When labd receives `bastion-state-sync` messages, it must upsert machines into the `Server` table:
- Discovered machines → create/update Server with status "discovered", store HardwareInfo as JSON labels
- Queued machines → update Server status to "provisioning"
- Installed machines → update Server with hostname, IP, role, OS, status "installed"
- Track which bastion owns which server (add `bastionId` to Server model)
- Track hardware info: arch, cpu_model, cpu_cores, memory_gb, disks, nics

The bastion's local JSON state becomes a cache; labd's database is the source of truth. On bastion startup, it should load its state from labd if available.

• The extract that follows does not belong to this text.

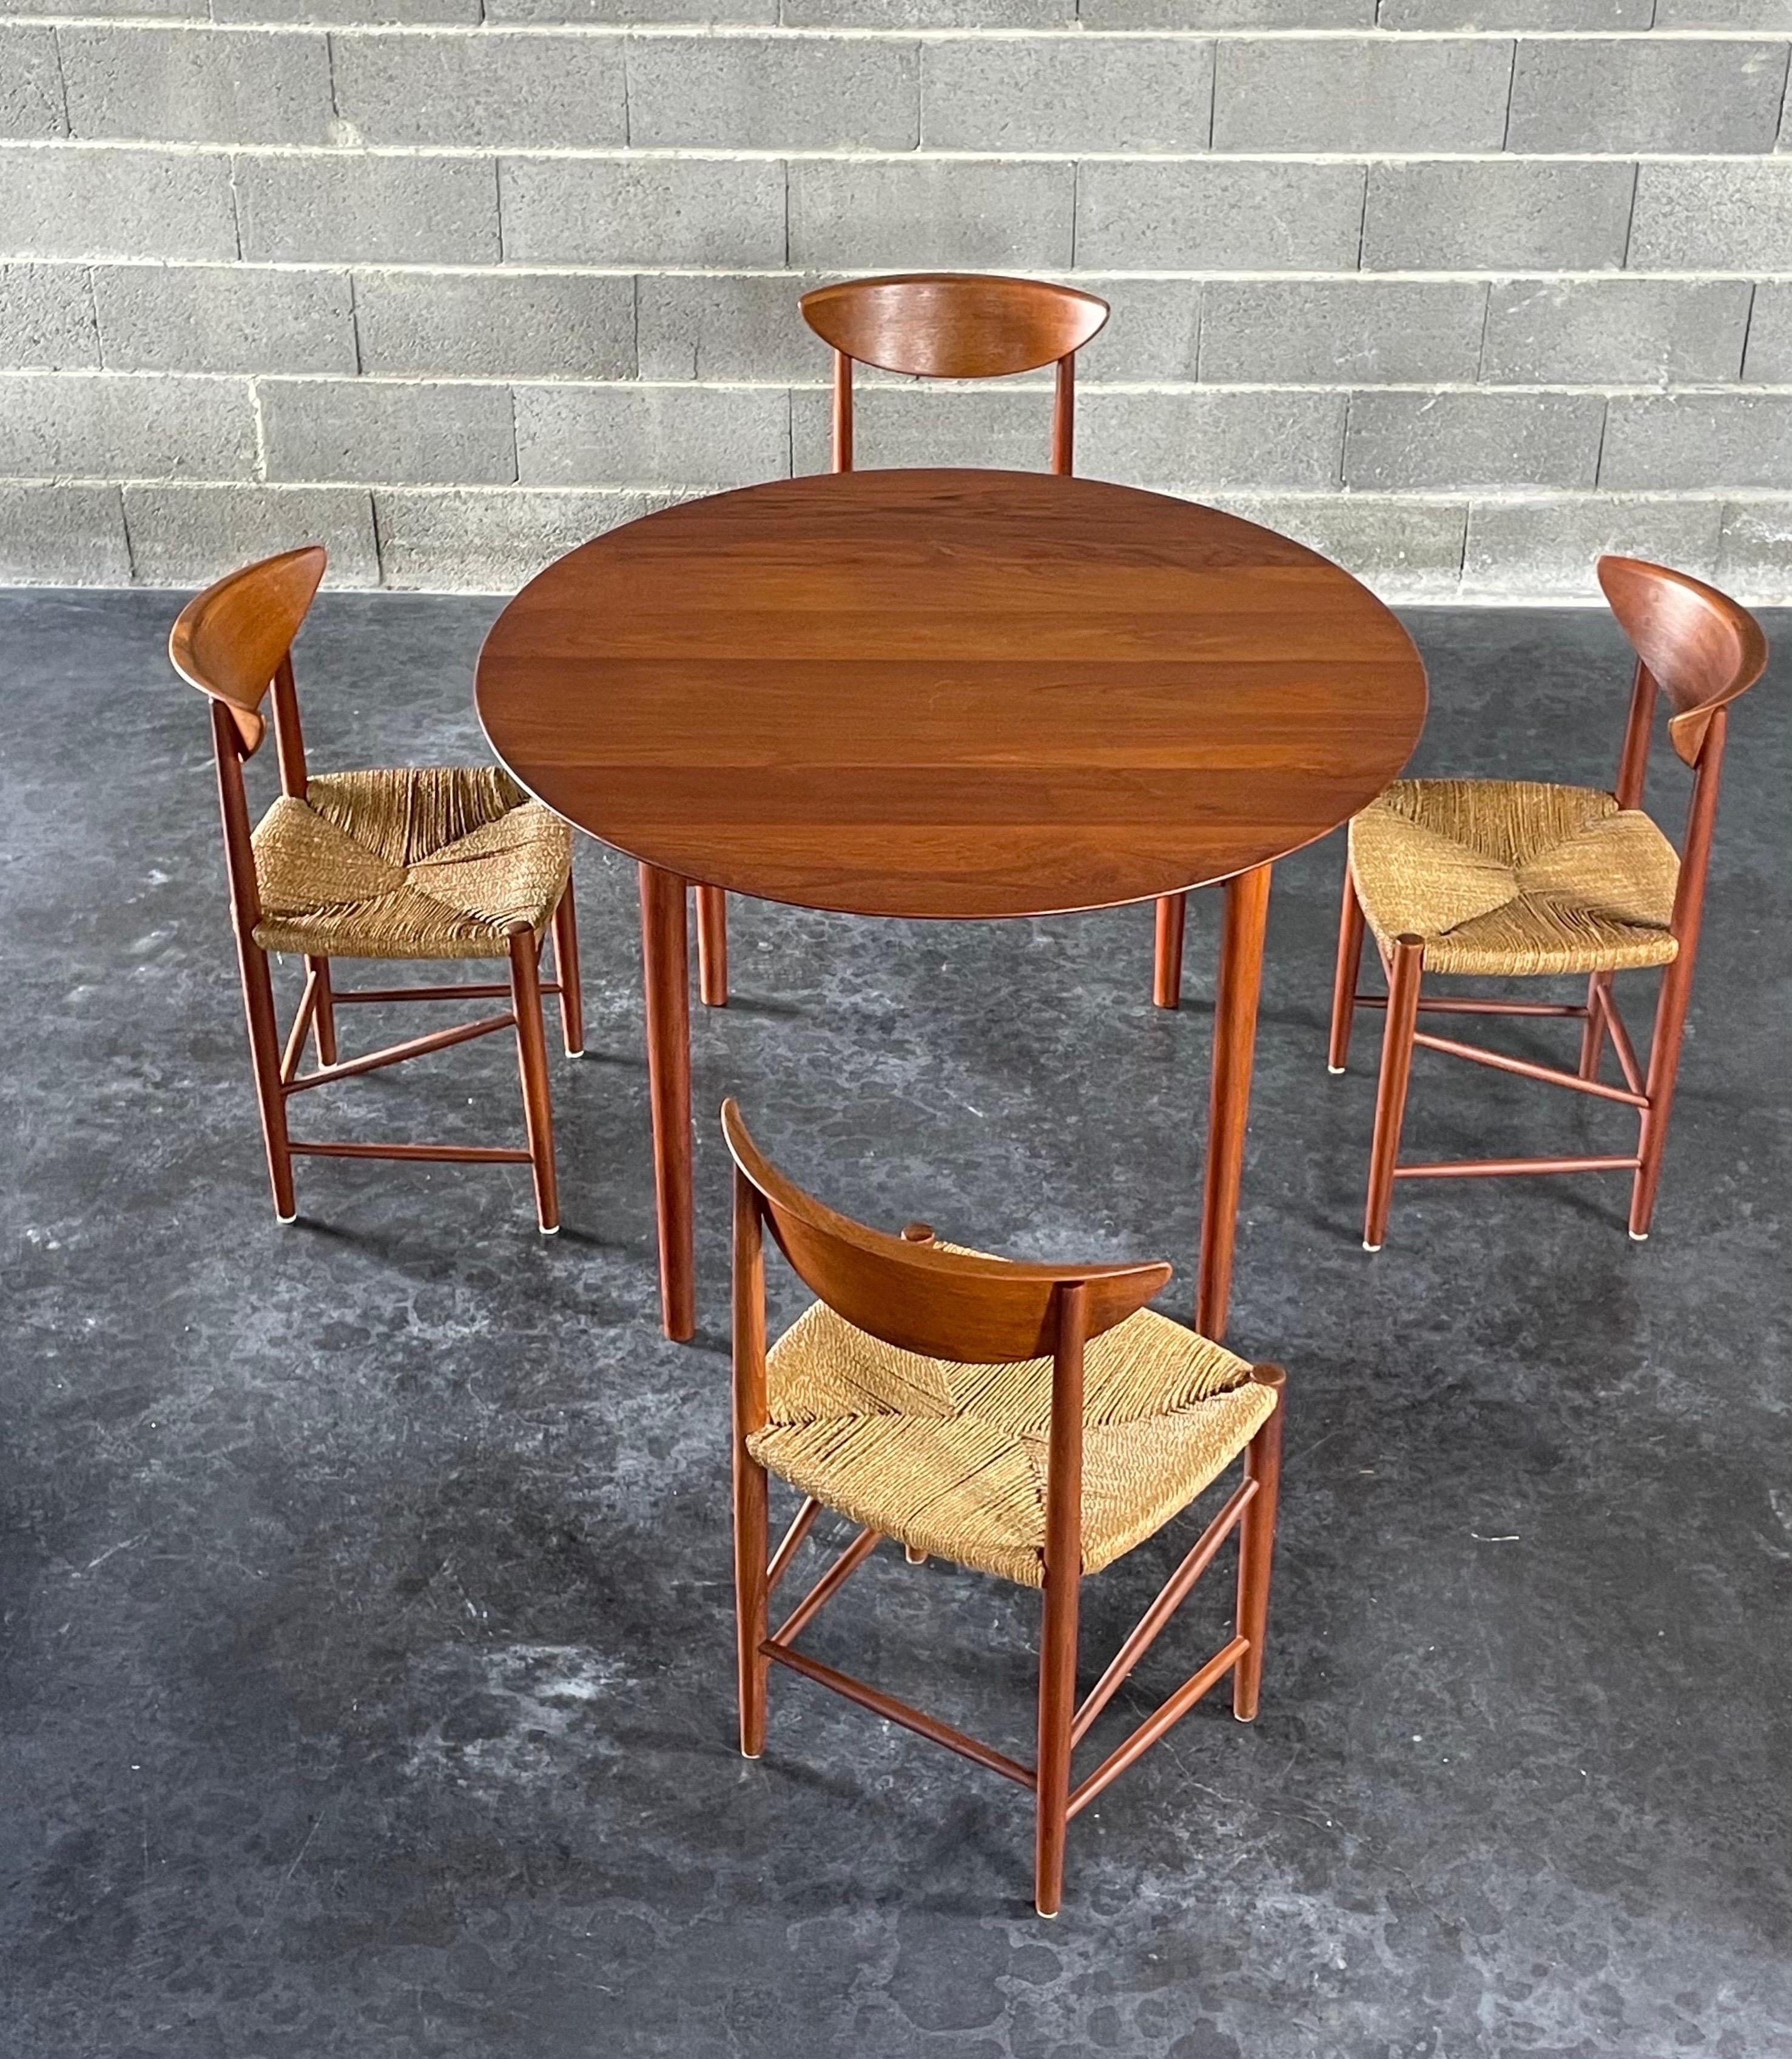 Une table de salle à manger modulaire créée par le duo de designers danois emblématiques Peter Hvidt et Orla Mølgaard Nielsen. Fabriqué au Danemark par France & Søn vers les années 1950. L'espace supplémentaire au milieu permet d'accueillir

### 2. Resource Model Expansion

Add new models to the Prisma schema for tracking infrastructure:

**Network** — L2/L3 network segments
- name, cidr, vlan, gateway, domain, dhcpEnabled
- Servers have NICs on networks

**ServerNic** — NIC-to-network mapping
- serverId, networkId, mac, ip, name, state (UP/DOWN)
- Derived from HardwareInfo during discovery

**ServerDisk** — Disk inventory per server
- serverId, name, sizeGb, model
- Derived from HardwareInfo during discovery

**ClusterMember** — Server-to-cluster membership
- clusterId, serverId, role (control-plane, worker)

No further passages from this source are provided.